Шрифт:
Закладка:
– Но лично мне кажется, что женитьба на мне не так уж и выгодна господину Тюдору, – продолжала я. – В конце концов, из-за этого ему пришлось предстать перед Королевским советом – зачем это ему? Да, я женщина богатая, что же до моей влиятельности… Ну каким влиянием я обладаю? Я бы сказала, никаким. Женившись на мне, Оуэн Тюдор не поднимется по карьерной лестнице к вершинам величия. И мы к этому не стремимся. Не ищем блестящей жизни при королевском дворе. Мы хотели бы поселиться в уединении. – В горячей просьбе я протянула к членам Совета руки. – Милорды, это все, о чем я прошу: признайте факт моего замужества и позвольте жить так, как я хочу, и там, где я выберу.
Но Глостер еще не закончил.
– Как вы могли выбрать в мужья человека, дискредитированного в глазах закона?
– Я выбрала человека, обладающего чувством собственного достоинства. Человека честного и прямого, милорд.
– Человека чести, вы говорите? – О, было заметно, что, услышав от меня эти слова, Глостер был очень доволен и даже злорадствовал. Наконец-то он нашел слабое место в нашей обороне, и я сразу поняла, к чему он клонит. – И когда же родится бастард, которого вы носите?

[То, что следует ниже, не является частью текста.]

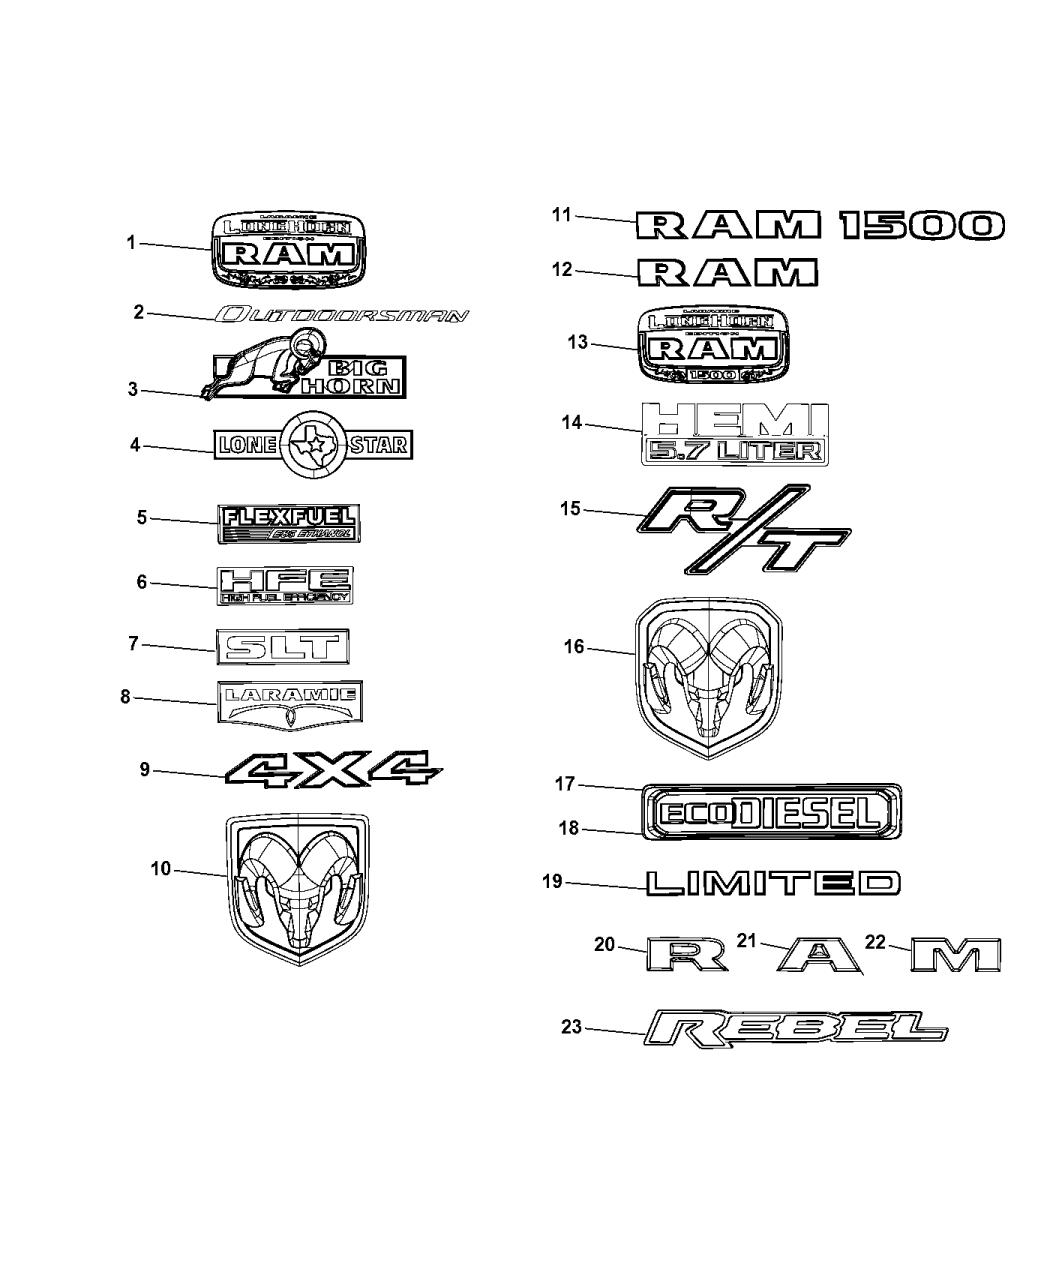 2015 Ram 1500 Nameplates Emblem Medallions M1b Condenser Wiring Diagram
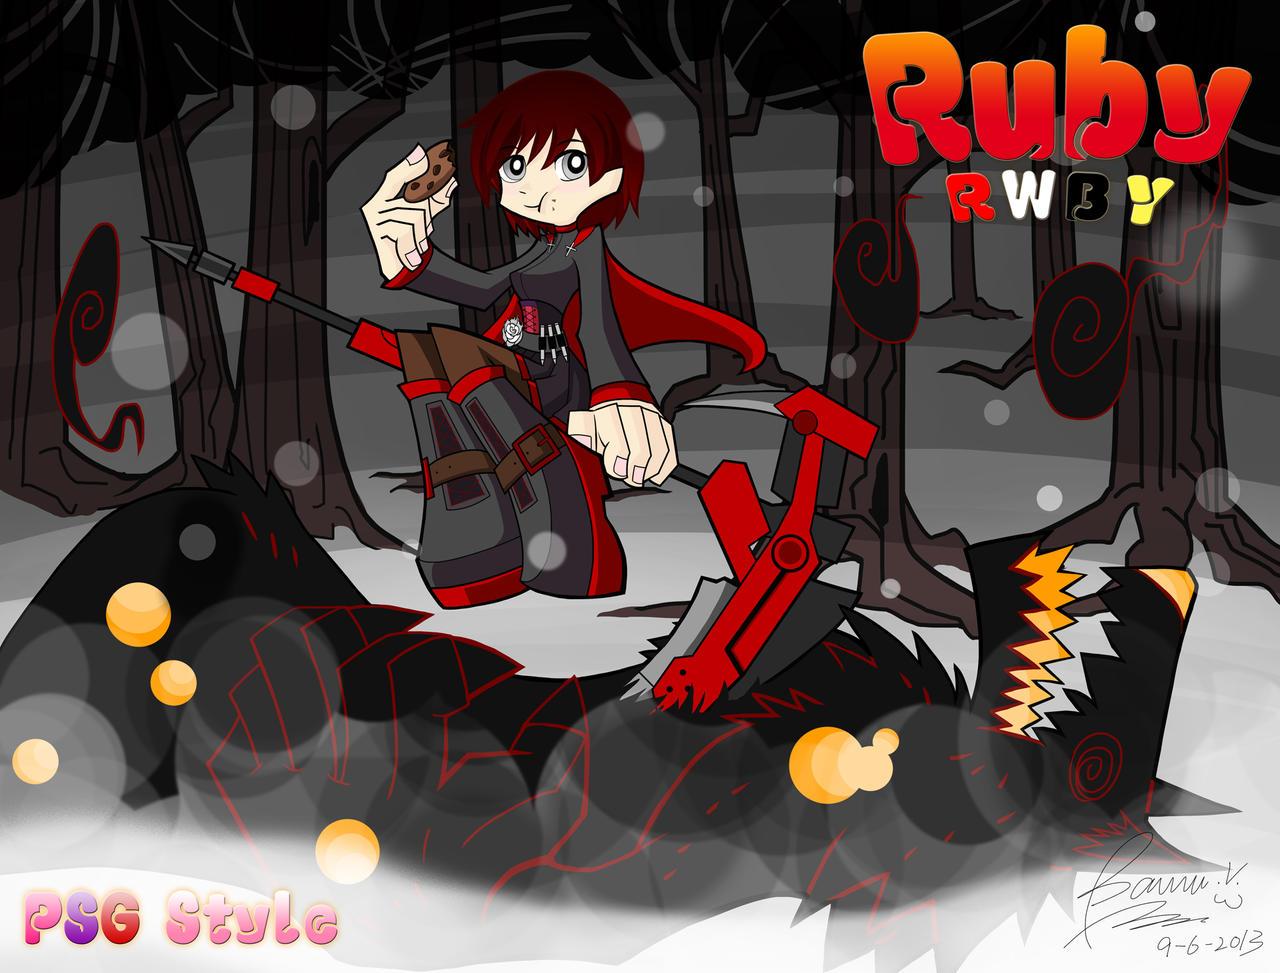 Rwby ruby by bannouneko on deviantart - Ruby rose rule 34 ...

– Мой ребенок не будет бастардом, – невозмутимо ответила я. – Он будет рожден в законном браке, признанный своим отцом и Святой Церковью.
– Он был зачат во грехе.
– Но жить будет в благословенном свете. – Я гневно глянула на Глостера; он больше не доминировал надо мной. Да как он смеет так со мной разговаривать? – Я нахожу ваше отношение предвзятым, милорд. И не заслуживаю клеветнических обвинений. Так что если вам больше нечего сказать…
– Вы по-прежнему должны оставаться в Виндзоре, при дворе своего сына, – приказным тоном заявил Глостер; мне показалось, что теперь уже он хватался за любую соломинку, чтобы сохранить лицо.
– Нет. – Я даже позволила себе слегка улыбнуться, несмотря на то что во мне клокотало негодование. – Я не стану этого делать.
– Таков закон.
– Тогда я его проигнорирую. Я буду жить в одном из своих поместий, которые мне принадлежат на законных основаниях. Они мудро и предусмотрительно были оставлены мне для личного пользования покойным королем. И я поселюсь там вместе со своим мужем.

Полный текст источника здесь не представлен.